Thu Sep 13 13:14:42 UTC 2012

commit 52b91b4b420e7b5f8cd6a1a3d561192f1c7ab863
Author: Mike FABIAN <mfabian at redhat.com>
Date:   Tue Sep 11 20:21:33 2012 +0200

    Resolves: #856320
    
    - Improve check whether a phrase is simplified or traditional Chinese
      The improvement is to ignore all non-Han characters when
      doing the check.
      This is to avoid classifying a simplified Chinese string as
      traditional just because it happens to include some non-Chinese
      characters, for example box drawing characters, which cannot be
      converted to gb2312 but happen to be convertible to big5hkscs.
      This fixes the problem in the emoji-table input method that most
      phrases cannot be input at all.

 ...9.20120907-improve-chinese-category-check.patch |   69 ++++++++++++++++++++
 ibus-table.spec                                    |   16 ++++-
 2 files changed, 84 insertions(+), 1 deletions(-)
---

diff --git a/ibus-table-1.4.99.20120907-improve-chinese-category-check.patch b/ibus-table-1.4.99.20120907-improve-chinese-category-check.patch
new file mode 100644
index 0000000..4e4ec8c
--- /dev/null
+++ b/ibus-table-1.4.99.20120907-improve-chinese-category-check.patch
@@ -0,0 +1,69 @@
+From 7a2eed5fb33098b10d67958472a23bb41a3f7b11 Mon Sep 17 00:00:00 2001
+From: Mike FABIAN <mfabian at redhat.com>
+Date: Thu, 13 Sep 2012 12:43:55 +0200
+Subject: [PATCH] Improve check whether a phrase is simplified or traditional
+ Chinese
+
+The improvement is to ignore all non-Han characters when
+doing the check.
+
+This is to avoid classifying a simplified Chinese string as
+traditional just because it happens to include some non-Chinese
+characters, for example box drawing characters, which cannot be
+converted to gb2312 but happen to be convertible to big5hkscs.
+
+This fixes the problem in the emoji-table input method that most
+phrases cannot be input at all.
+
+See: https://bugzilla.redhat.com/show_bug.cgi?id=856320
+---
+ engine/tabsqlitedb.py | 18 ++++++++++++++----
+ 1 file changed, 14 insertions(+), 4 deletions(-)
+
+diff --git a/engine/tabsqlitedb.py b/engine/tabsqlitedb.py
+index 7606afb..9e3b50c 100644
+--- a/engine/tabsqlitedb.py
++++ b/engine/tabsqlitedb.py
+@@ -483,17 +483,27 @@ class tabsqlitedb:
+             # make sure that we got a unicode string
+             if type(phrase) != type(u''):
+                 phrase = phrase.decode('utf8')

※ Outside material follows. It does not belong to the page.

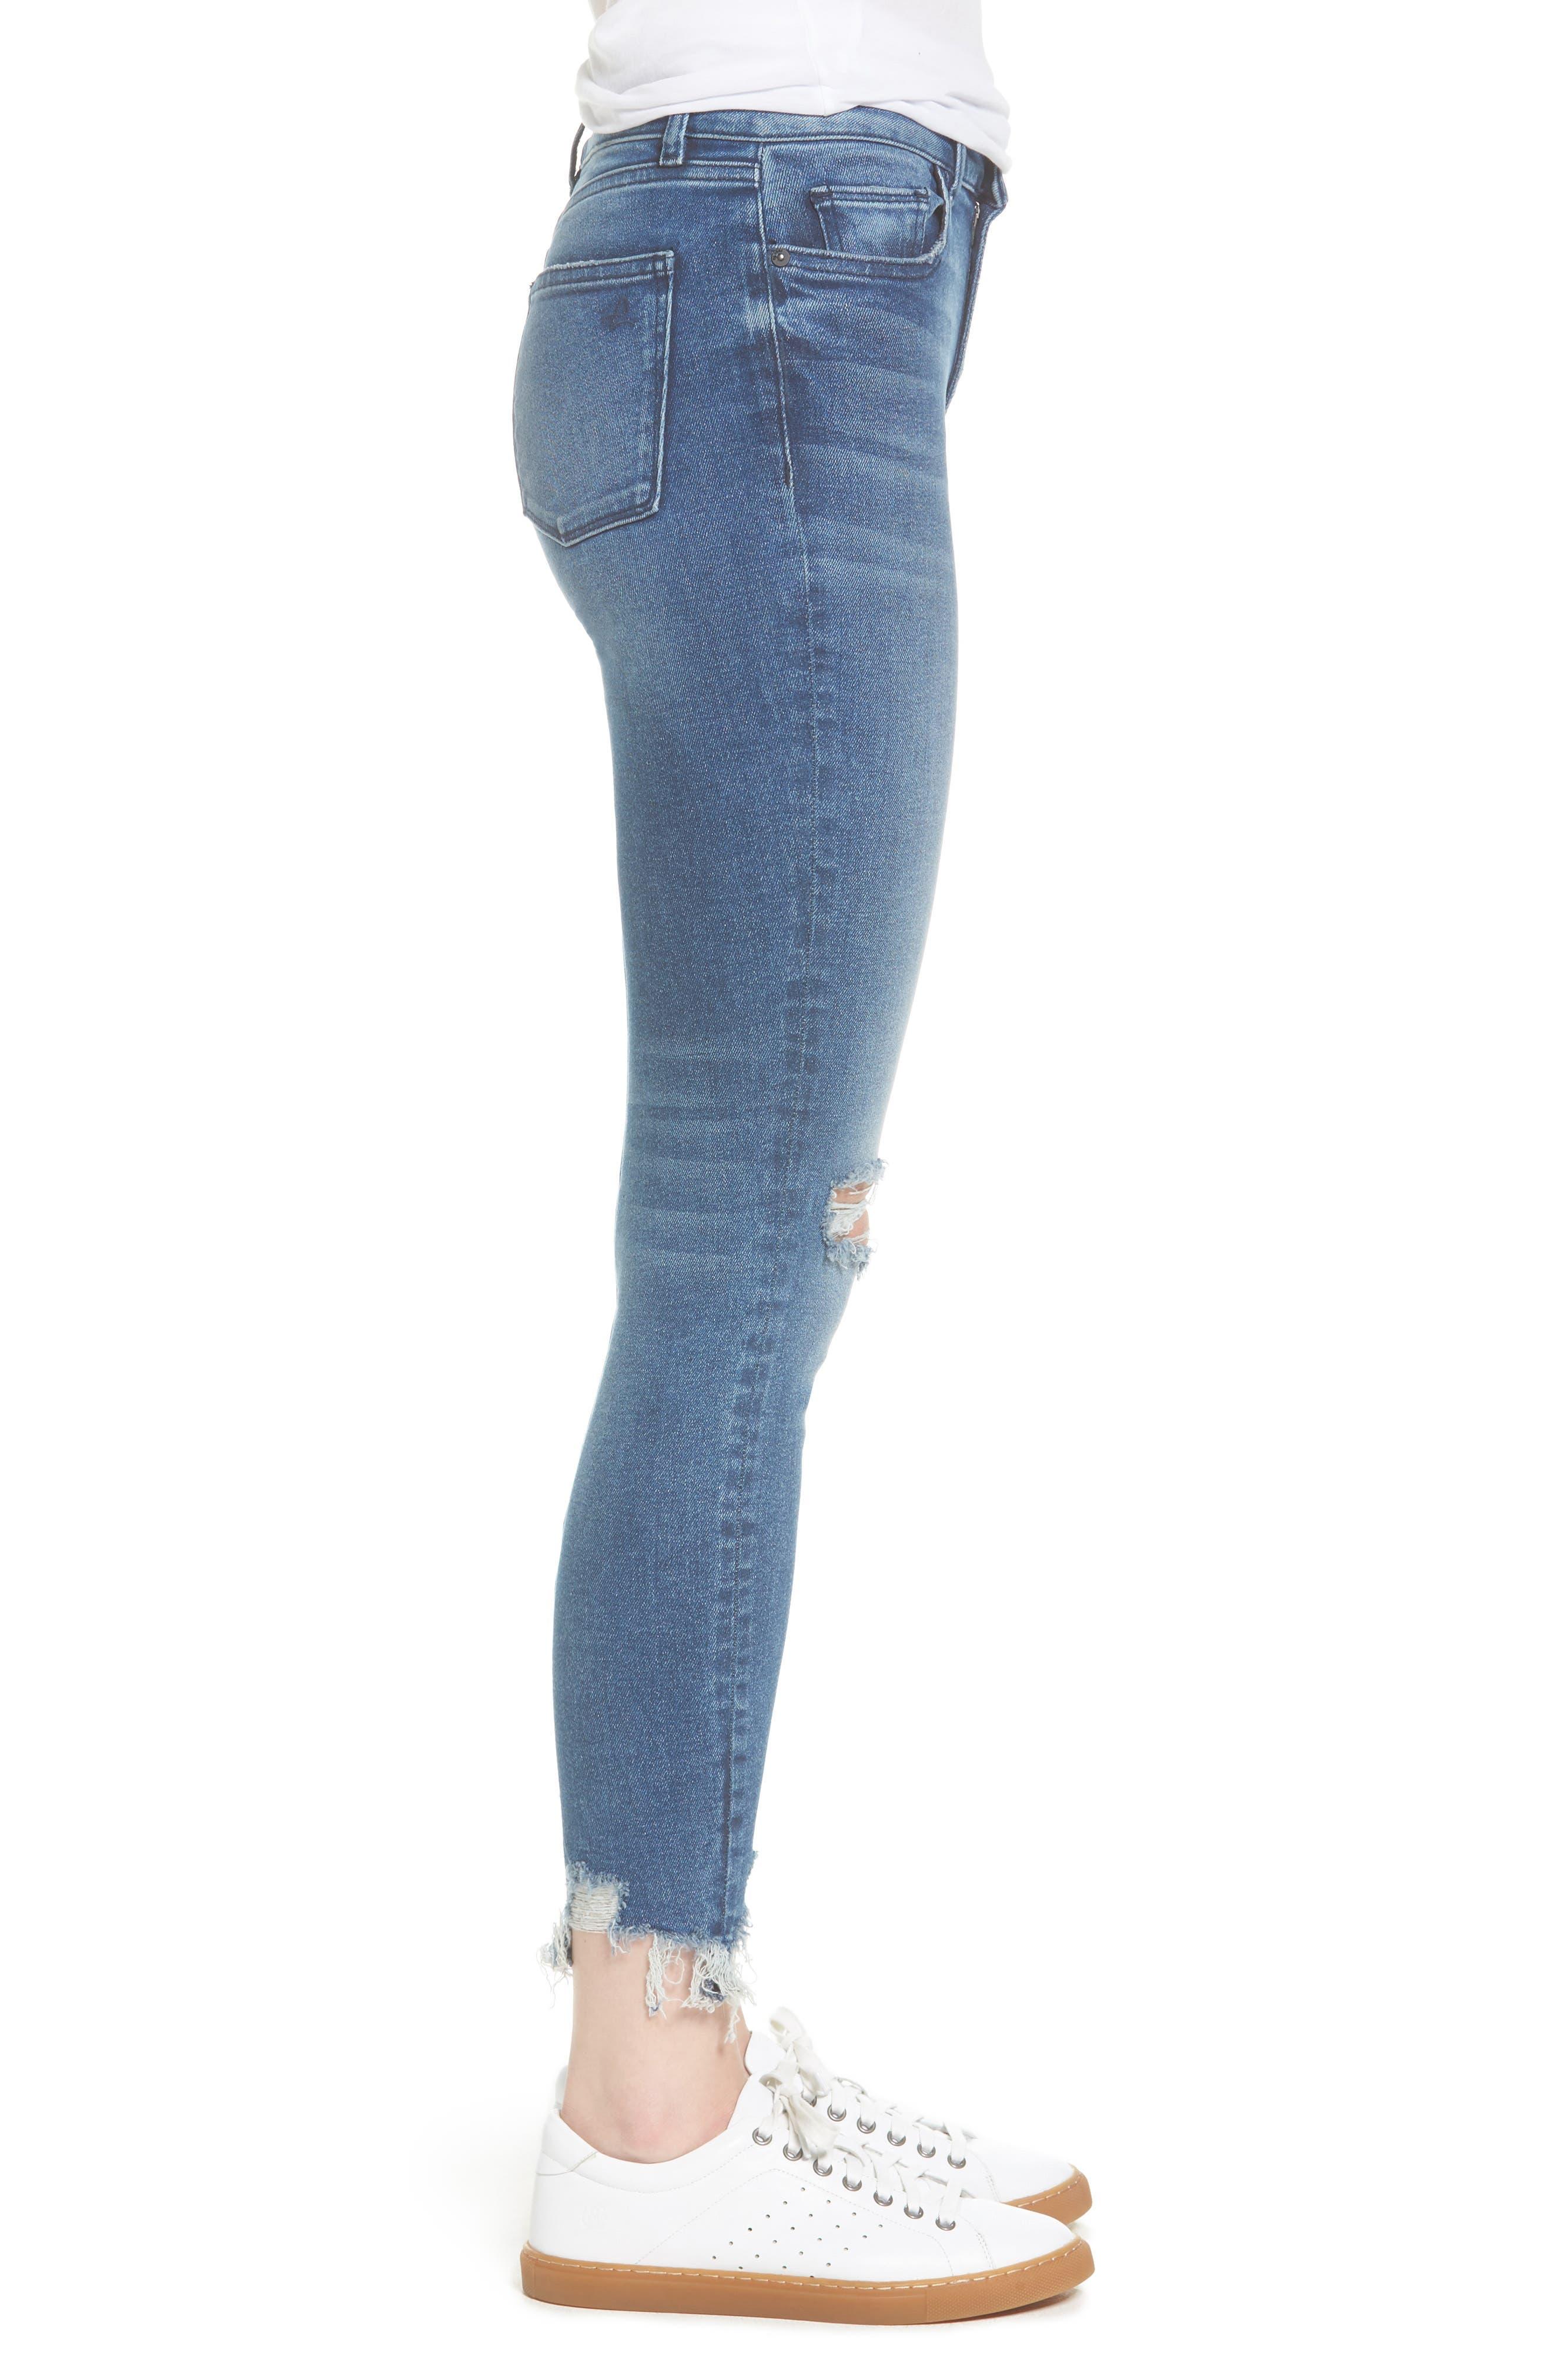 Alternate Image 3  - DL1961 Farrow Instaslim High Waist Ankle Skinny Jeans (Laramie)

++            tmp_phrase = ''.join(re.findall(u'['
++                                            + u'\u4E00-\u9FCB'
++                                            + u'\u3400-\u4DB5'
++                                            + u'\uF900-\uFaFF'
++                                            + u'\U00020000-\U0002A6D6'
++                                            + u'\U0002A700-\U0002B734'
++                                            + u'\U0002B740-\U0002B81D'
++                                            + u'\U0002F800-\U0002FA1D'
++                                            + u']+',
++                                            phrase))

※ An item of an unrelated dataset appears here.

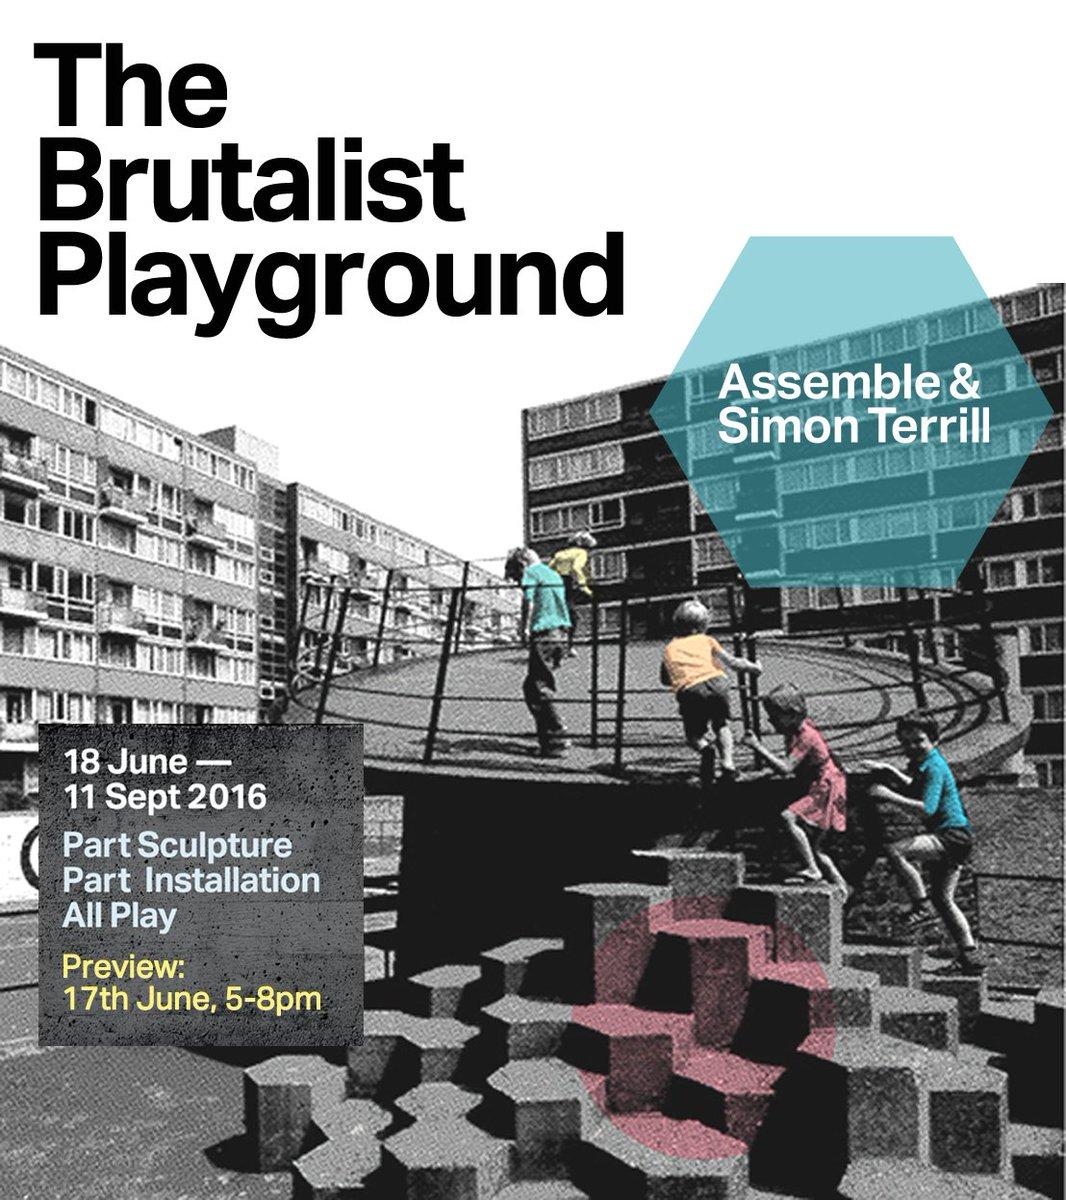 #BrutalistPlayground by Assemble & Simon Terrill opens @S1Artspace at Park Hill Sat 18 June. Part of @YorkshireFest https://t.co/m1ZrNuCKj3

+             # first whether in gb2312
+             try:
+-                phrase.encode('gb2312')
++                tmp_phrase.encode('gb2312')

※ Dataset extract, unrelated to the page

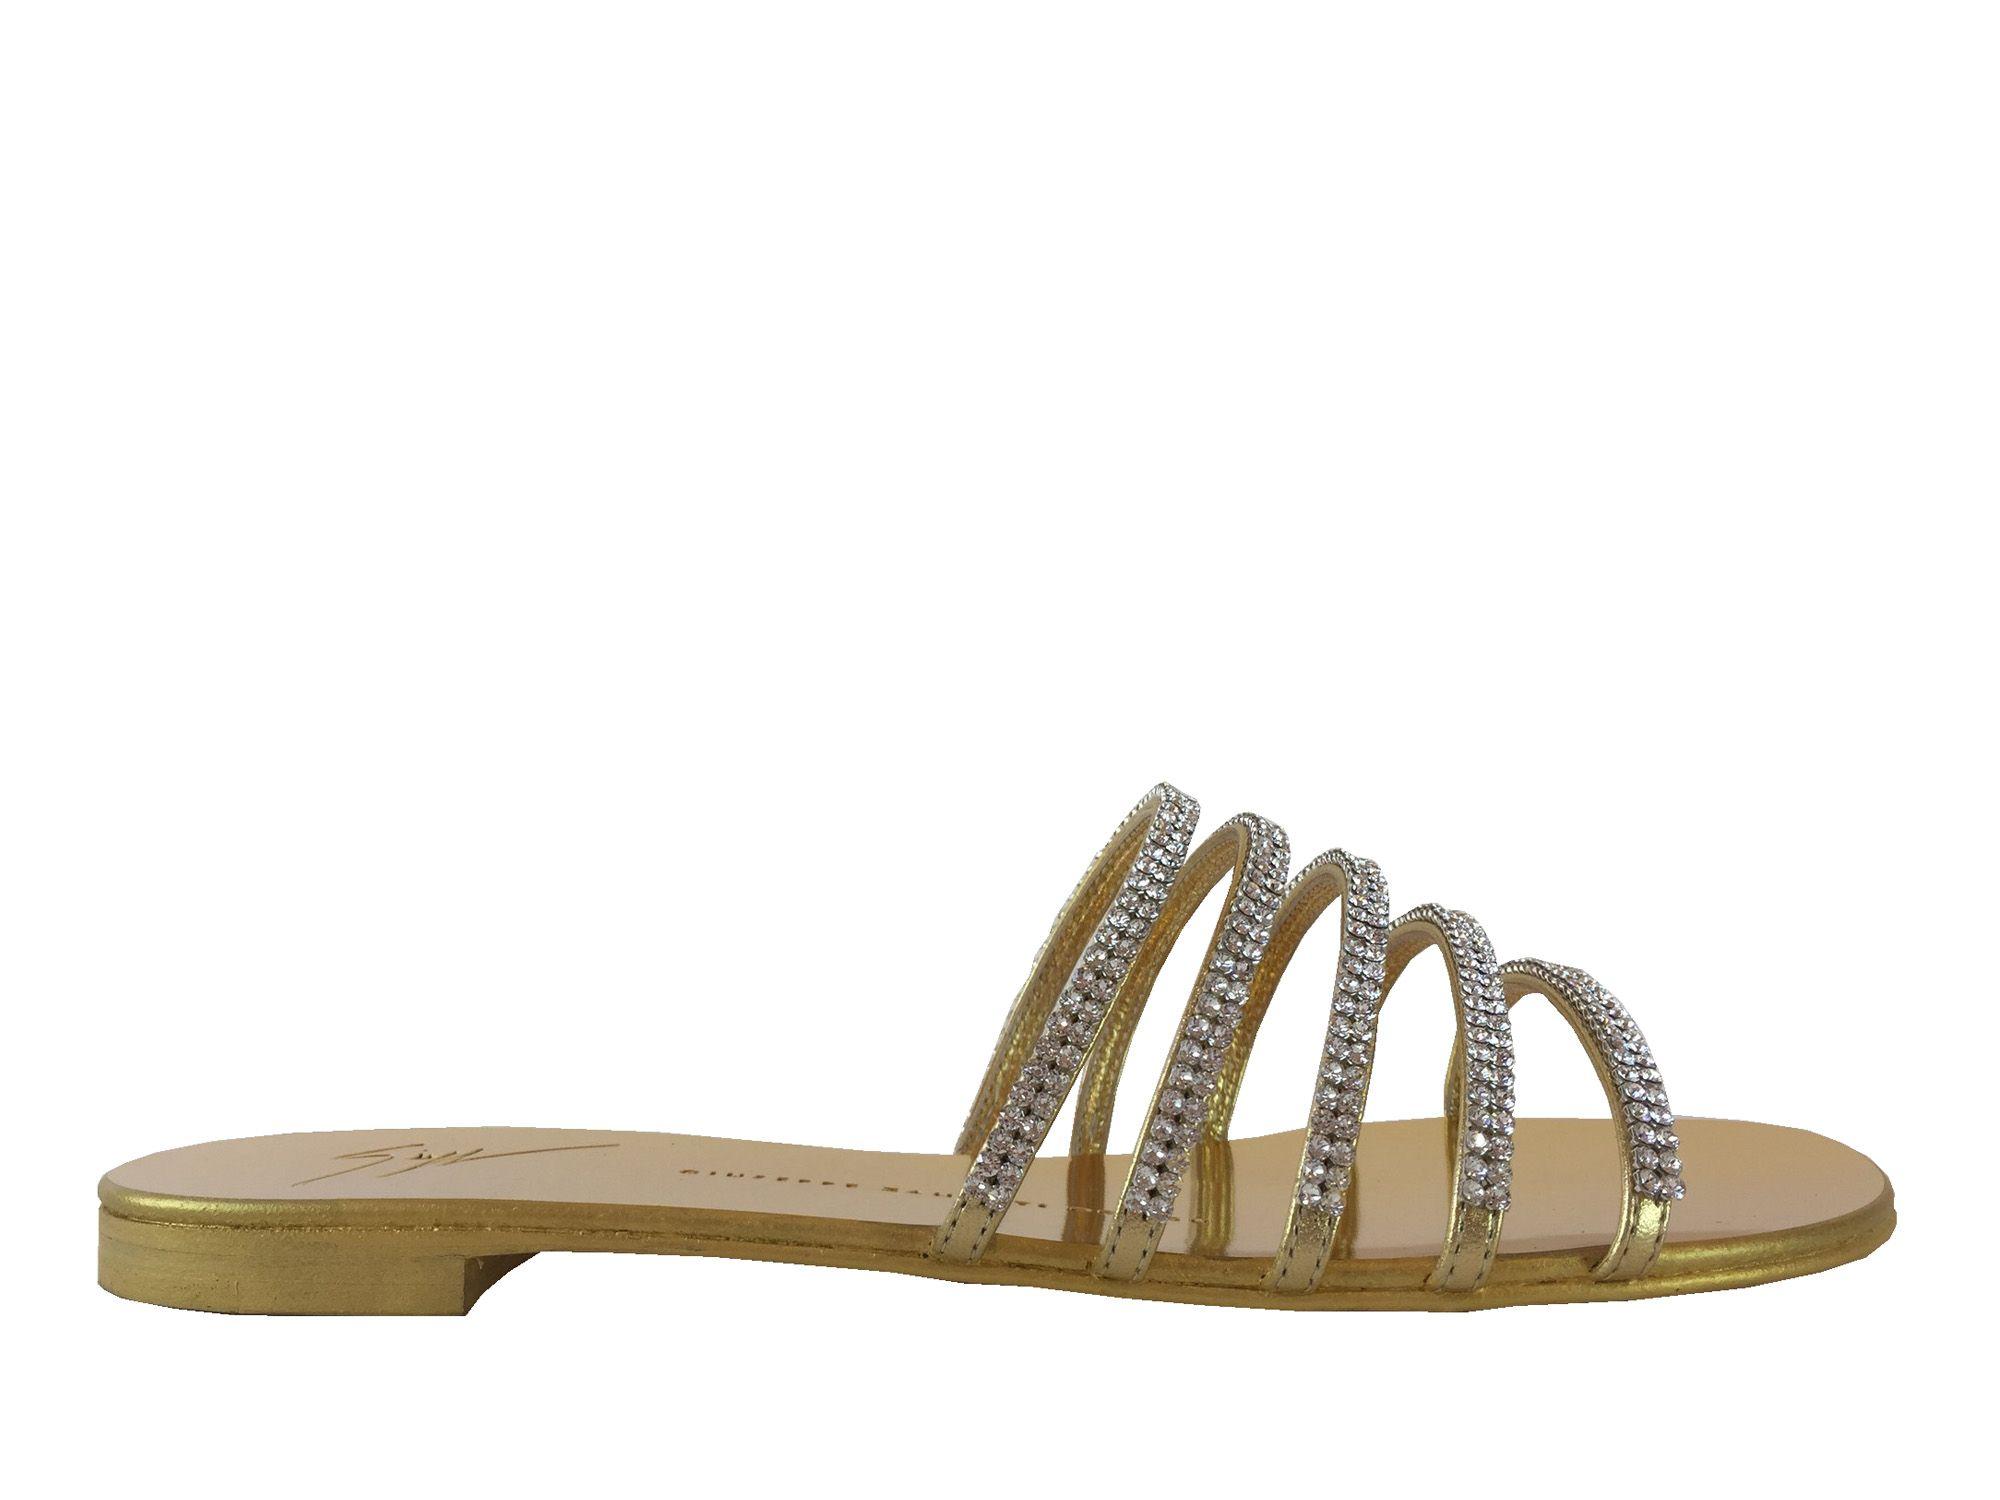 Nu-pieds Giuseppe Zanotti - Za Mule Strass en cuir or et strass argentés 062eabd79b1

+                 category |= 1
+             except:
+-                if '〇'.decode('utf8') in phrase:
++                if '〇'.decode('utf8') in tmp_phrase:
+                     # we add '〇' into SC as well
+                     category |= 1
+             # second check big5-hkscs
+             try:
+-                phrase.encode('big5hkscs')
++                tmp_phrase.encode('big5hkscs')
+                 category |= 1 << 1
+             except:
+                 # then check whether in gbk,
+@@ -503,7 +513,7 @@ class tabsqlitedb:
+                 else:
+                     # need to check
+                     try:
+-                        phrase.encode('gbk')
++                        tmp_phrase.encode('gbk')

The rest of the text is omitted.